Another nice touch is that your single-player family can be taken into online multiplayer games for the purposes of leveling up – and the experience they gather in that online capacity can then be imported back, to translate into greater riches, skills, and rewards in the single-player game.
Unfortunately, that nice theoretical, functional touch – as well as many other great-in-theory elements of The Godfather II – just don’t pan out nearly so well after you’ve played the game for a few hours. In fact, there are scattered elements throughout the game that come across as shockingly unfinished, or at least dismayingly unpolished.
[image3]For a ‘sandbox’-style game, you’ll encounter an awful lot of pointless walls, generic facades, and inconsistent world-rules – some doors that won’t fall to an explosive device can be readily, barehandedly opened by one of your goons, if he’s strong enough. Dominic can take on a roomful of foes even if he has to resort to doing it with his bare hands (withstanding amounts of gunfire that would give Clark Kent terminal lead poisoning)… but you’ll soon encounter innocent-looking scenic elements and ludicrously-low barriers that, God damn it, he just can’t figure a way over. There is also a depressing preponderance of buildings and locales that take up space without serving any particular function.
And the less said about why you, the Don, are chatting up random citizens and inquiring about doing them favors – instead of, you know, the precise opposite – the better.
None of which is to say that there isn’t fun to be had here. Terrorizing the local businessfolk into coming around to your way of funding thinking is a guilty pleasure, and things do start to feel personal when they turn traitor and what you’ve just ‘secured’ is quickly taken back by an opposing family, prompting an escalation on your own end. And there is something terribly gratifying about finally working your way through the ranks of an opposing family and eliminating it, either by bombing their compound or simply executing the big-shot in question by a variety of creative and gruesome methods that we needn’t go into here. The fact that such personal executions have to be, um, executed by said particular methods makes no sense at all, of course… but it’s no sillier than the insane amounts of damage players can expect to absorb and recover from in video games without number.
[image4]Multiplayer just kind of hangs around, like the goon who won’t ever be your right-hand man, but might come in handy when it comes time to shake down the butcher’s shop down the block. Beyond the expected team deathmatch, there are modes like Firestarter (send your arson-guys to set various blazes), Safecracker (crack various safes about the map), and Demolition Assault (use your demolition guys to… yeah, you get the point). One interesting (and exactly-right) aspect is the ability of players to place ‘cash’ bets on how opposing teams fare against each other. There are moments when Vito Corleone is smiling upon the proceedings here.

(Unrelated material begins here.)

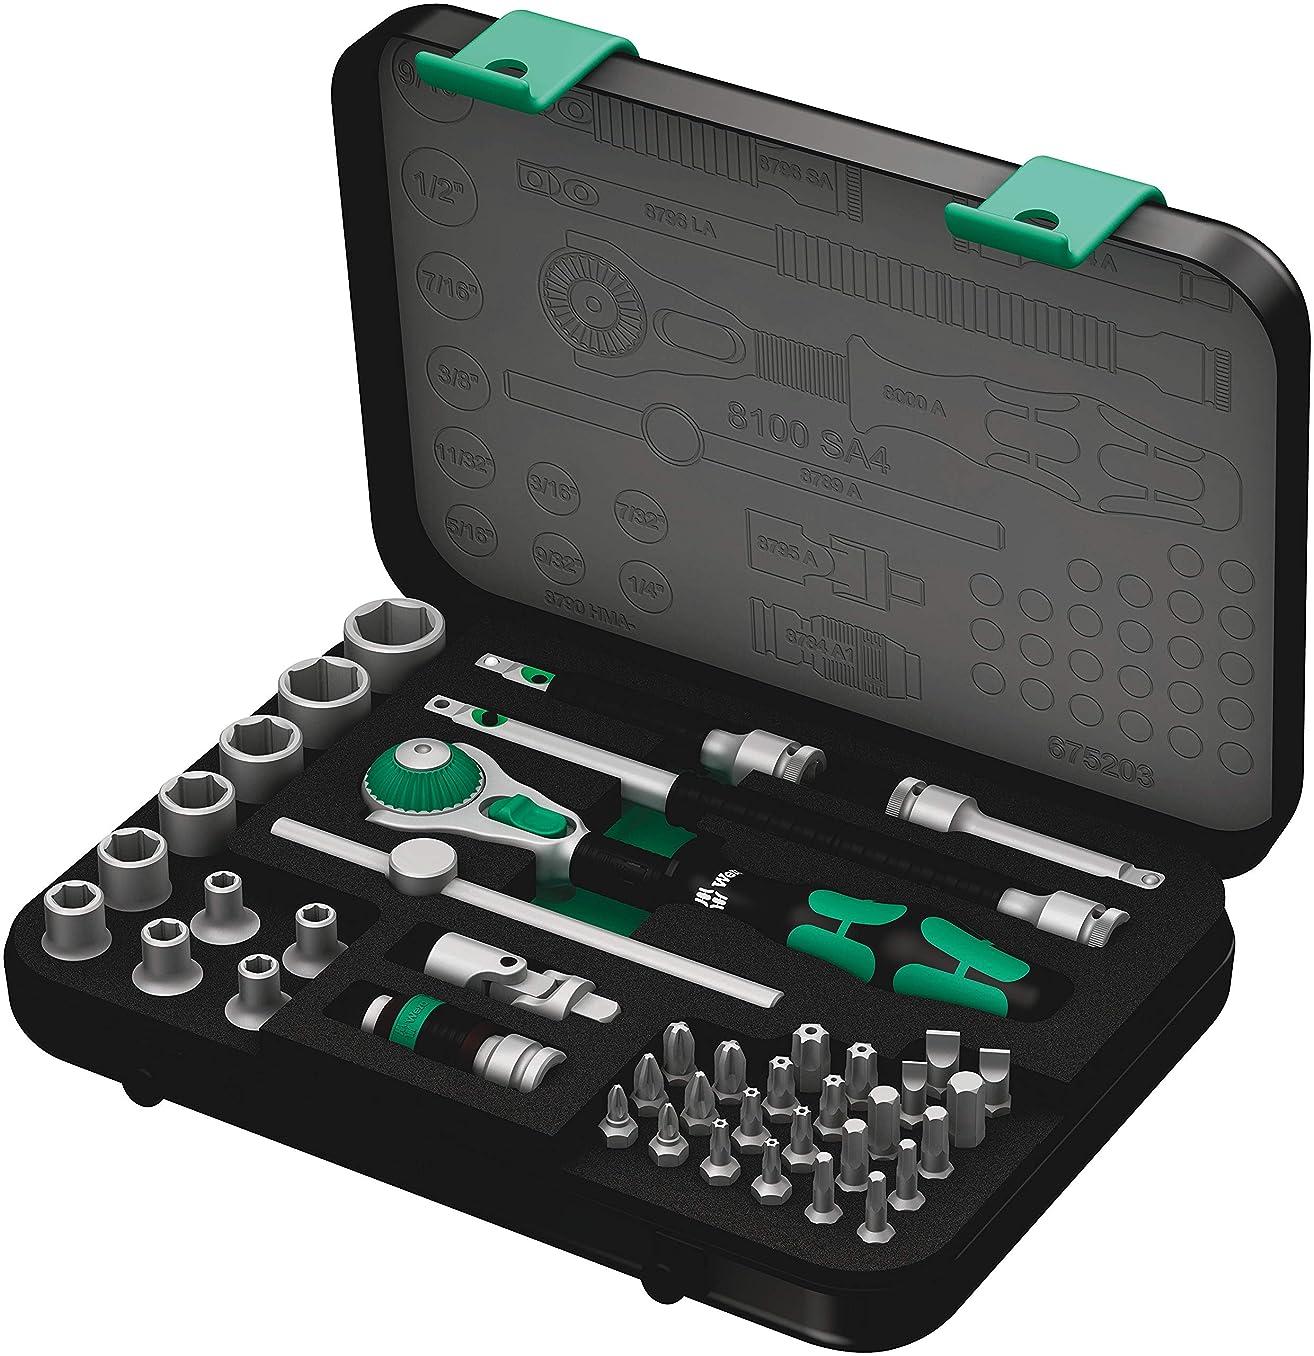 Wera 8100 SA 4 Zyklop Ratchet Set with 1/4

Most of the abovementioned flaws don’t really start to grate until you’ve got several hours under your gun-holster, so if you’re here as much to vicariously re-experience some Godfather moments (they’re shuffled out of order in most cases, but the iconic ones are here) as to play a straight-up violent mobster game, you’ll still have fun. The main game is comparatively short anyway (maybe a dozen hours), so depending on how jaded experienced a gamer you are, you may well get your money’s worth before you decide it’s time to get out of this racket. Just be aware that there’s surely a Godfather III in the works… and just when you get out, they might pull you back in. Sofia Coppola.